Global (IEA, Energy and AI, 2025): Global data‑centre electricity consumption is projected to roughly double to ~945 TWh by 2030 (Base Case), reaching just under 3% of total global electricity. Demand grows ~15% per year from 2024–2030 — more than four times faster than the rest of the electricity sector. AI is the main driver: electricity use by accelerated (AI) servers grows ~30% per year and accounts for nearly half of the net increase. The US and China account for ~80% of the growth (US +~240 TWh, +130%; China +~175 TWh, +170%). Beyond 2030, the Base Case rises to ~1,200 TWh by 2035.

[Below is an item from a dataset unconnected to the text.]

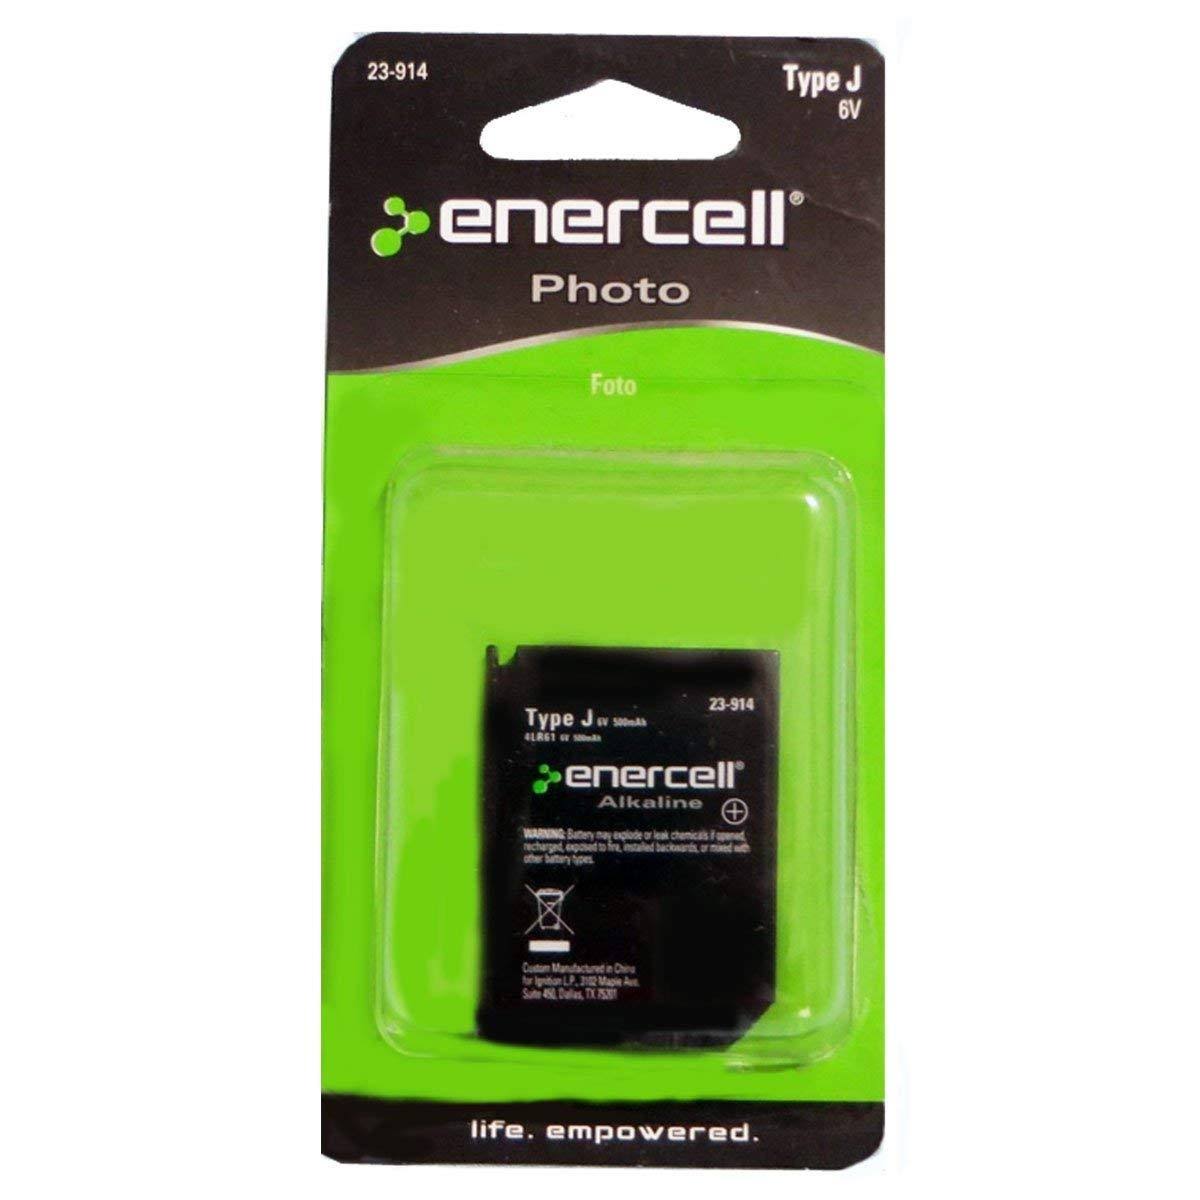 Enercell Type J Alkaline Camera Battery - 6V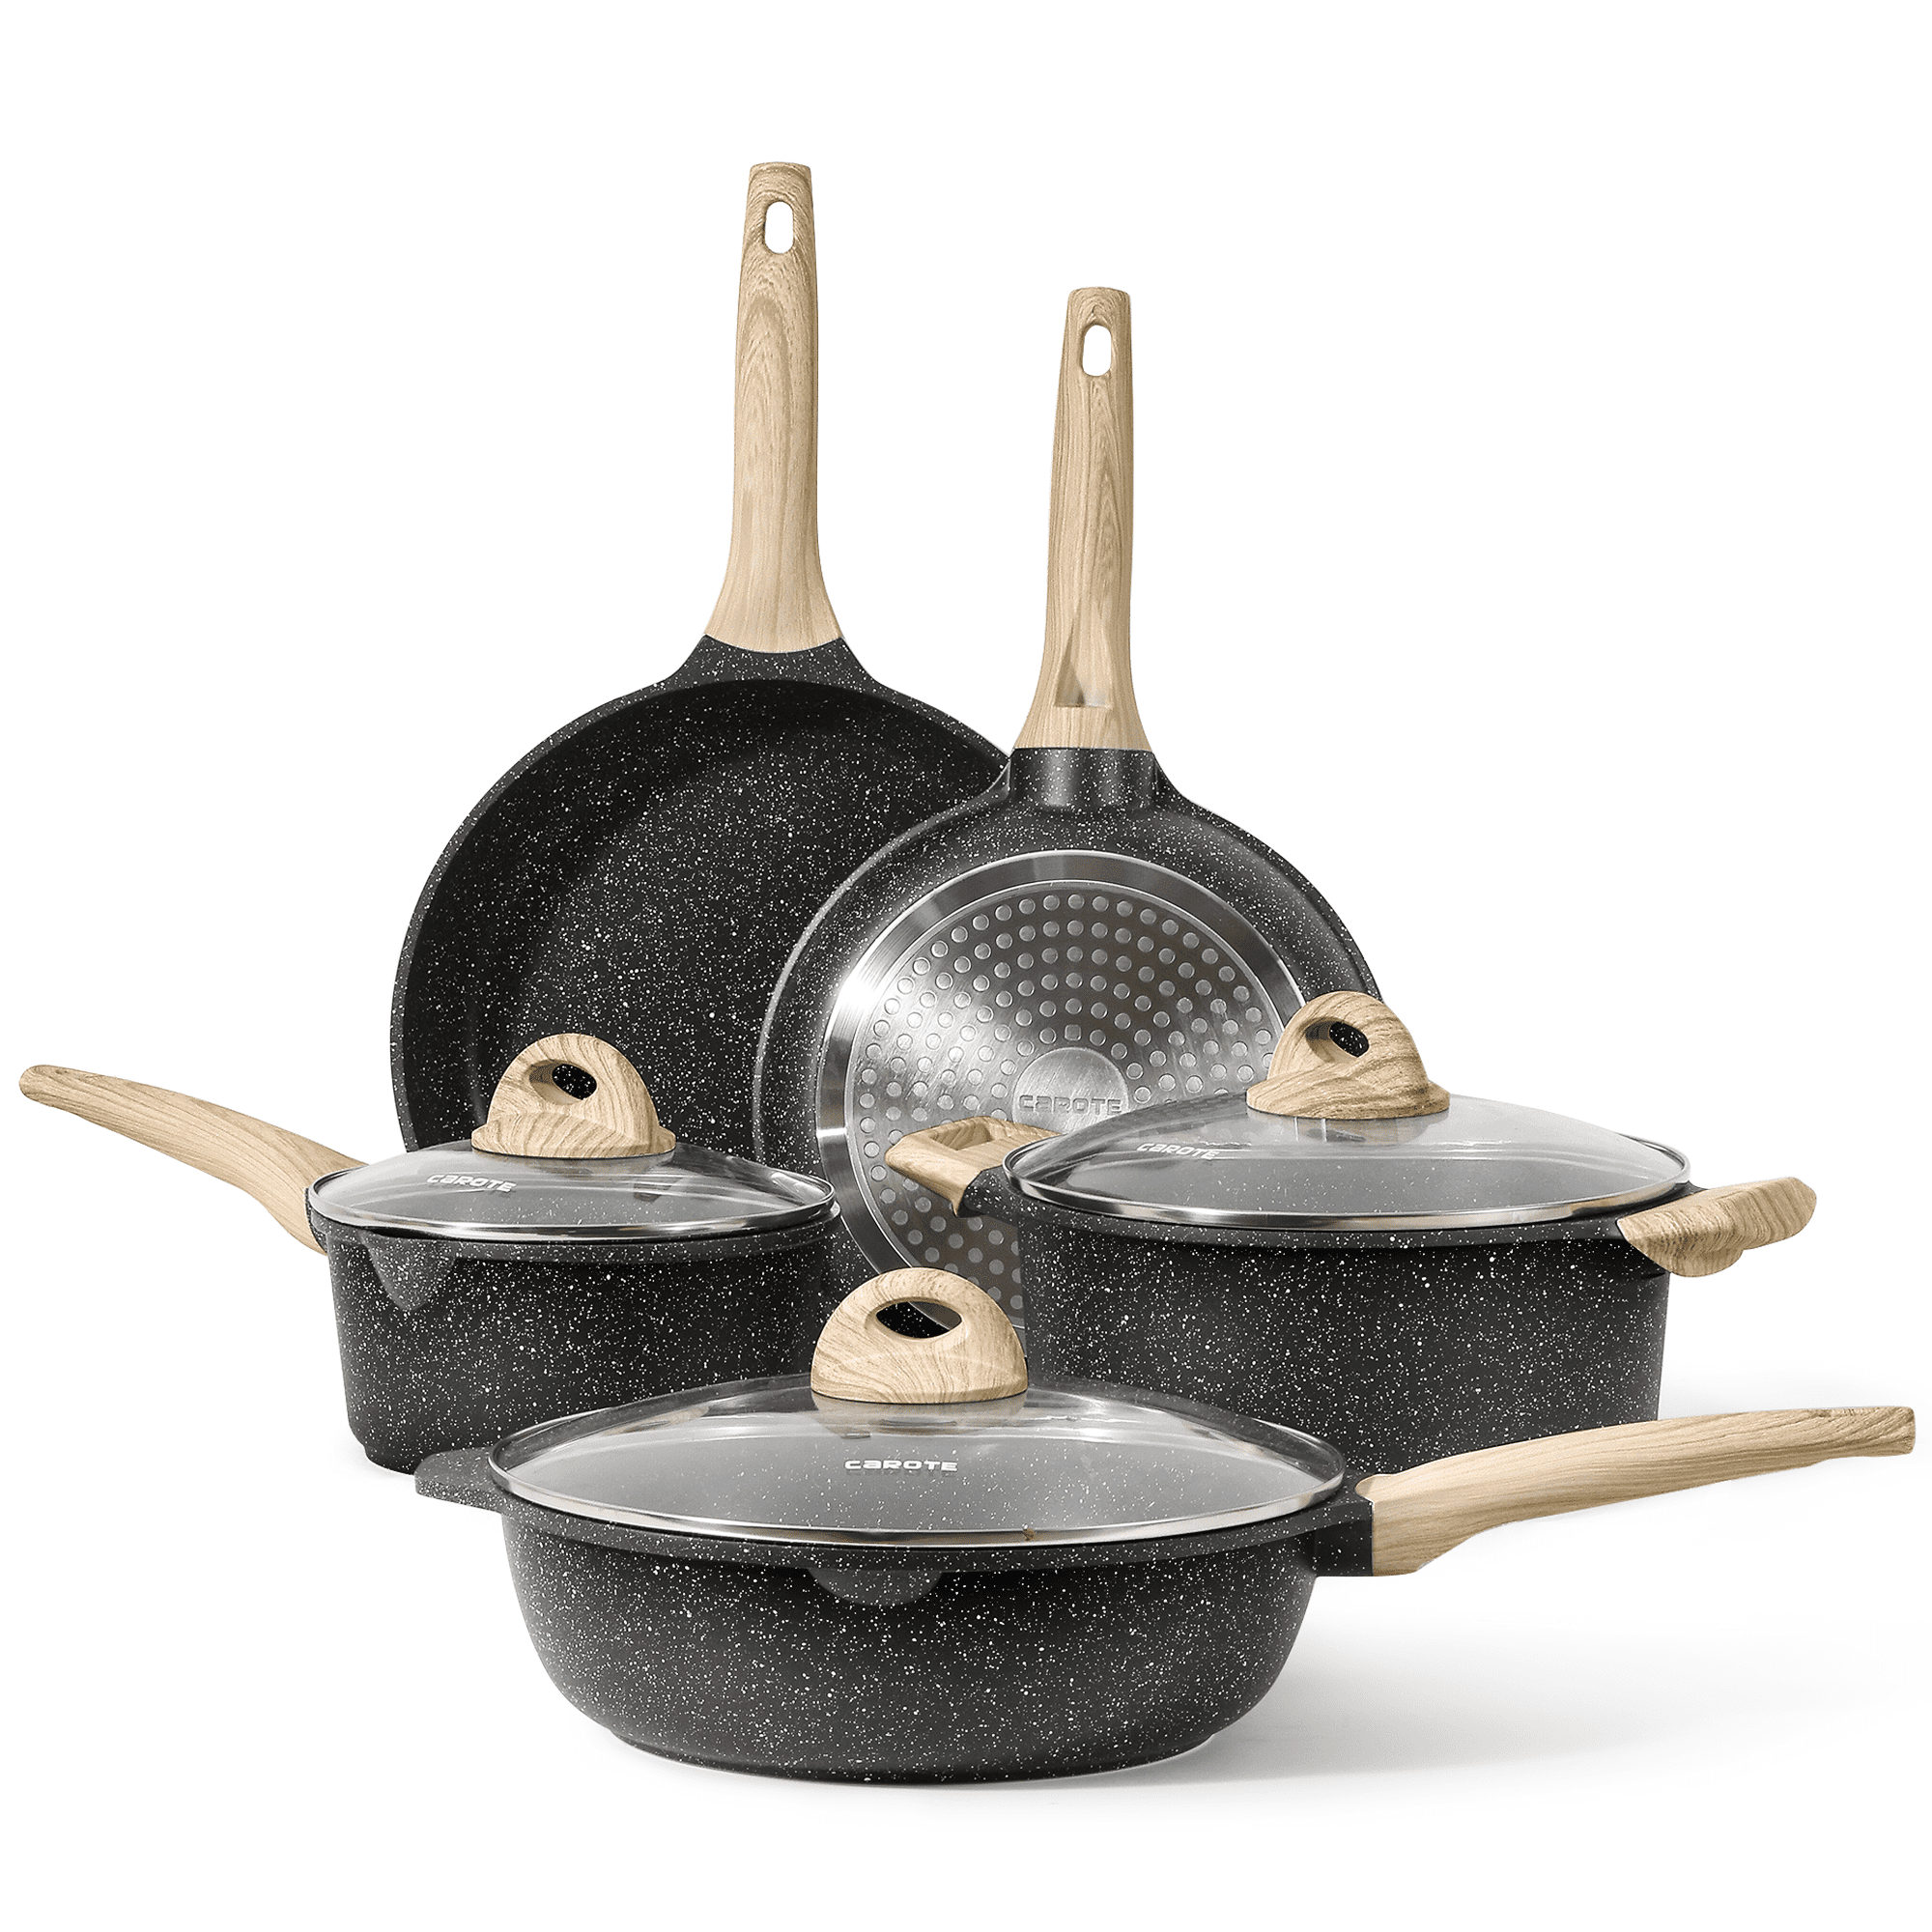 Carote Nonstick Pots and Pans Set, 8 Pcs Induction Kitchen Cookware Sets (Black) - image 1 of 7

United States (LBNL / DOE, 2024 U.S. Data Center Energy Usage Report): US data‑center electricity use climbed from 58 TWh (2014) to 176 TWh in 2023 (4.4% of US electricity) and is projected to reach 325–580 TWh by 2028, or ~6.7%–12% of total US electricity (growth of 13%–27% per year), driven largely by AI servers.

Water consumption

  • IEA (Energy and AI): Total data‑center water consumption was ~560 billion liters in 2023 (≈two‑thirds indirect/power‑generation‑related, ≈one‑quarter direct cooling), projected to rise to roughly 1.2 trillion liters by 2030. A typical 100‑MW US data center uses ~2 million liters/day.
  • UNU‑INWEH (UN University Institute for Water, Environment and Health, 2026): Under a scenario where AI reaches 40% of global data‑center electricity by 2030, AI‑related water consumption could reach ~9.3 trillion liters per year — enough to meet the basic domestic water needs of >1.3 billion people in Sub‑Saharan Africa for a year. The same report estimates AI‑hardware e‑waste could reach ~2.5 million metric tons/year by 2030.

(Note: figures vary widely by scope — direct vs. total, AI‑only vs. all data centers — explaining the gap between the IEA and UNU numbers.)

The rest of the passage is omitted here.